Grossly, chRCC is a well-circumscribed unencapsulated mass with solid, homogeneous, and pale tan to dark brown cut surfaces as seen in this case. Gross hemorrhage, necrosis, cystic changes, and a central scar may be seen. Microscopy appearance shows varying proportions of pale cells and eosinophilic cells. The pale cells are large and polygonal with abundant flocculent cytoplasm. The eosinophilic cells are smaller and have granular eosinophilic cytoplasm. The typical chRCC is composed of these two cell types. The tumour cells may dispose in tubular, cystic or papillary formations. ChRCC is not assigned a grade due to its inherent nuclear atypia. Sarcomatoid changes are infrequent (2–8 % of cases) and often show an abrupt transition from the epithelial components.10 Sarcomatoid changes are a sign of aggressive behavior and poor prognosis. Notably, we did not see sarcomatoid differentiation in this case.

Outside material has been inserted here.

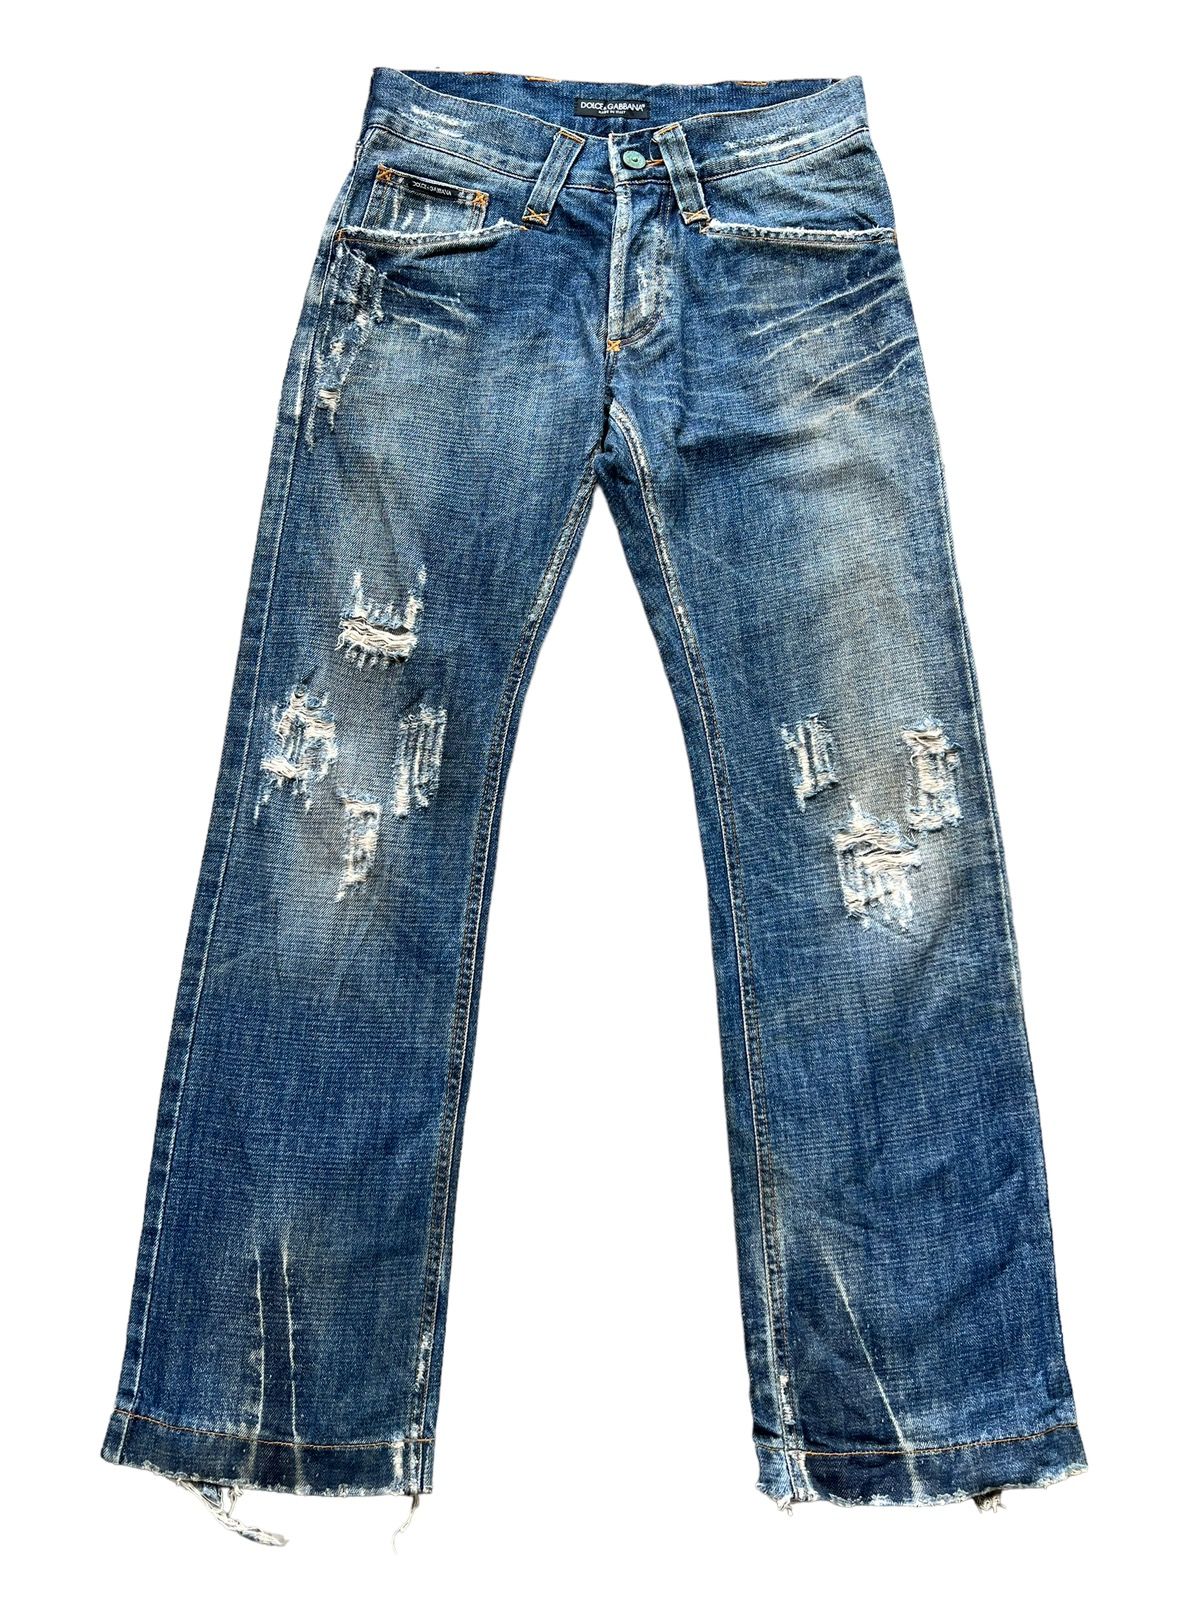 Dolce and Gabbana Crash Distressed Denim Jeans 31x32.5 - 3

Absence of sarcomatoid change connotes good prognosis as demonstrated in this case.
Immunohistochemically, the tumor cells in chRCC are diffusely positive for CD117 (C-Kit) and CK7. Renal oncocytoma (RO) has histological similarities with chRCC especially with eosinophilic variant where IHC can help resolve the diagnostic dilemma.11 ChRCC has diffuse, strong positive Ck7 with membranous and cytoplasmic staining in 70% of the tumour cells, whereas it is usually negative for RO as demonstrated in this case study.12
Our patient did well following radical nephrectomy. Radical nephrectomy is the treatment of choice for patient with clinically localized renal cell carcinoma.
We reported the clinical, histological and immunohistochemical evaluation of a rare case of chromophobe RCC. This was discovered incidentally following general health check. He had radical nephrectomy and clinic follow-up 1 year after discharge has been uneventful.